NIAC’s new position is not genuine and remains nothing more
than an empty gesture made for the sake of “record.” It is not a coincidence
that this article has only been published in an online Iranian site (IPS)
and was never posted on NIAC’s website.
Human rights violations in Iran are not an arbitrary action of
this or that faction or something practiced by hardliners. It is the law of the
land. Article 4 of IRI’s constitution makes every single article contingent
upon observation of the Islamic laws:
“All civil, penal financial, economic, administrative,
cultural, military, political, and other laws and regulations must be based on
Islamic criteria. This principle applies absolutely and generally to all
articles of the Constitution as well as to all other laws and regulations, and
the fuqaha' of the Guardian Council are judges in this matter.”
In sharia’s law that is amended to the constitution,
torture, stoning, and body mutilation are considered lawful acts of correcting
the sinners.

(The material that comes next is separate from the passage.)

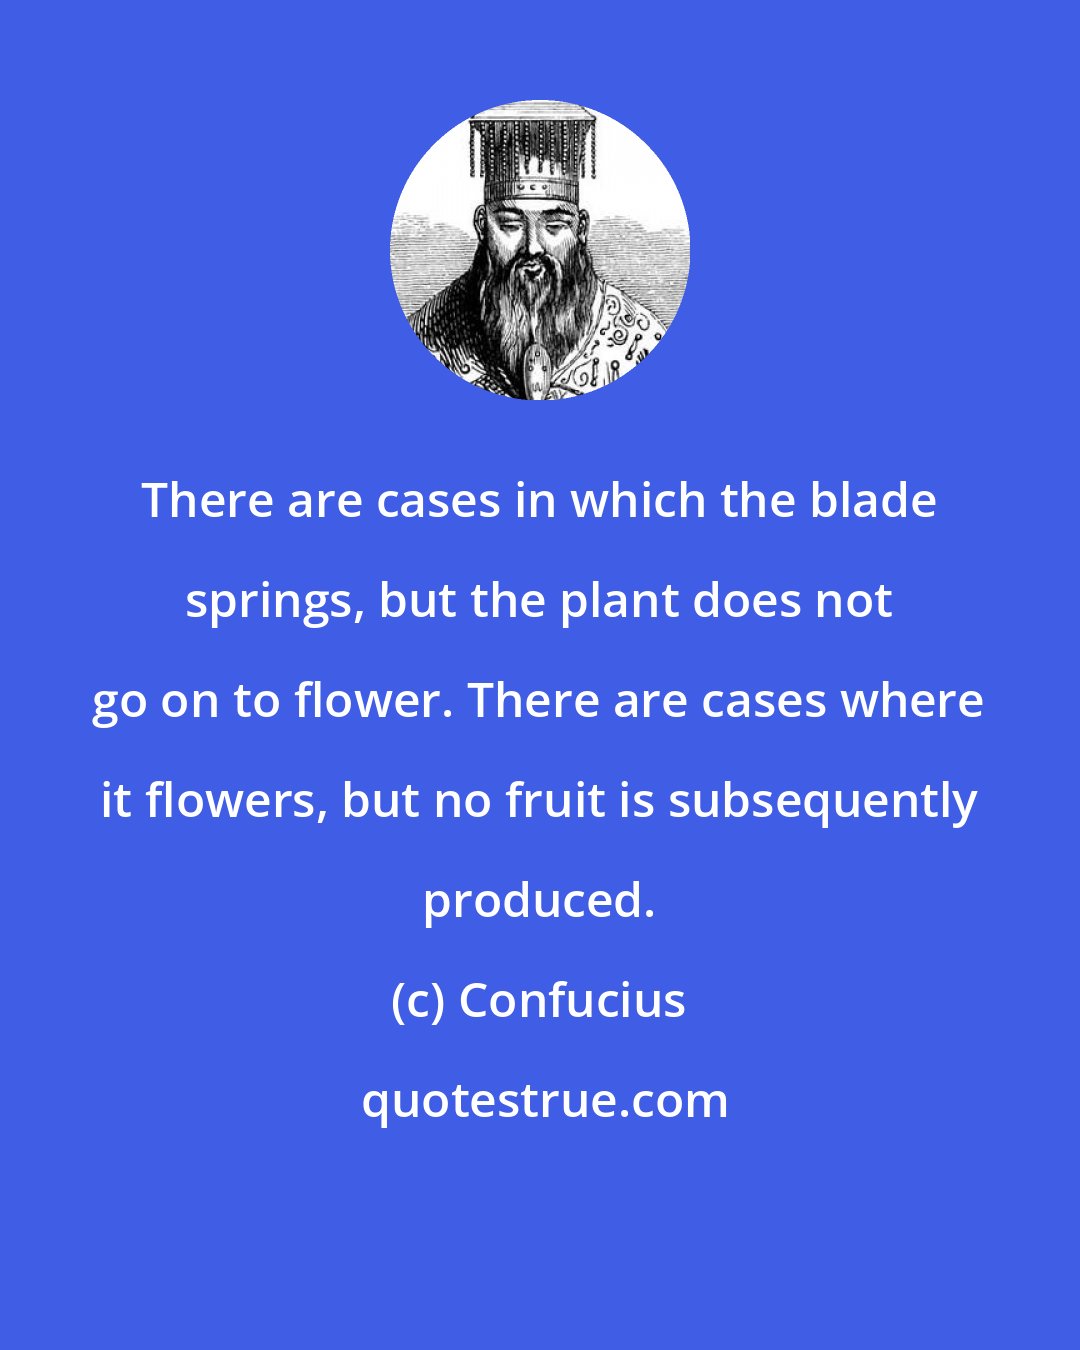 Confucius: There are cases in which the blade springs, but the plant does not go on to flower. There are cases where it flowers, but no fruit is subsequently produced.

There is no reform possible in this system. You touch it and it
collapses. That was why during the presidency of Khatami, NIAC’s darling, and during
the era of “reforms,” the number of individuals being stoned was at its
highest. Neither he nor any other so called reformer dared to condemn this
ultimate form of an inhumane act.
Mr. Parsi is well aware of these facts, which explains why his
reference to human rights is a deceitful act aimed to further cover up his true
intentions. His goal is to put human rights on a table to make the digestion of
a terrorizing system possible. MEHR has been advocating for inclusion of the
human rights observation as a precondition for any negotiation with the Islamic
Regime. This precondition is not warranted by lecturing the notorious regime or
by issuing statements and reports on human rights violations. These gestures
have been made by the U.S and Europeans repeatedly in so many years. Each year,
State Department and EU States as well as all human rights organizations and UN
publish reports in condemnation of the Iran for human rights violations. Yet,
at the very same time, lucrative deals have been made with the very same regime
with no conditions whatsoever.
If one truly cares for human rights, it would be made a
precondition for any negotiation, and the release of all political prisoners
would be a first step. Mr. Parsi cannot afford taking such a position because
he knows that the IRI would never accept these conditions and friendly
relations with the Mullahs would become history. For him, human rights are only
good as a decoration of negotiations that would compromise and betray the
Iranian struggle for a secular democracy.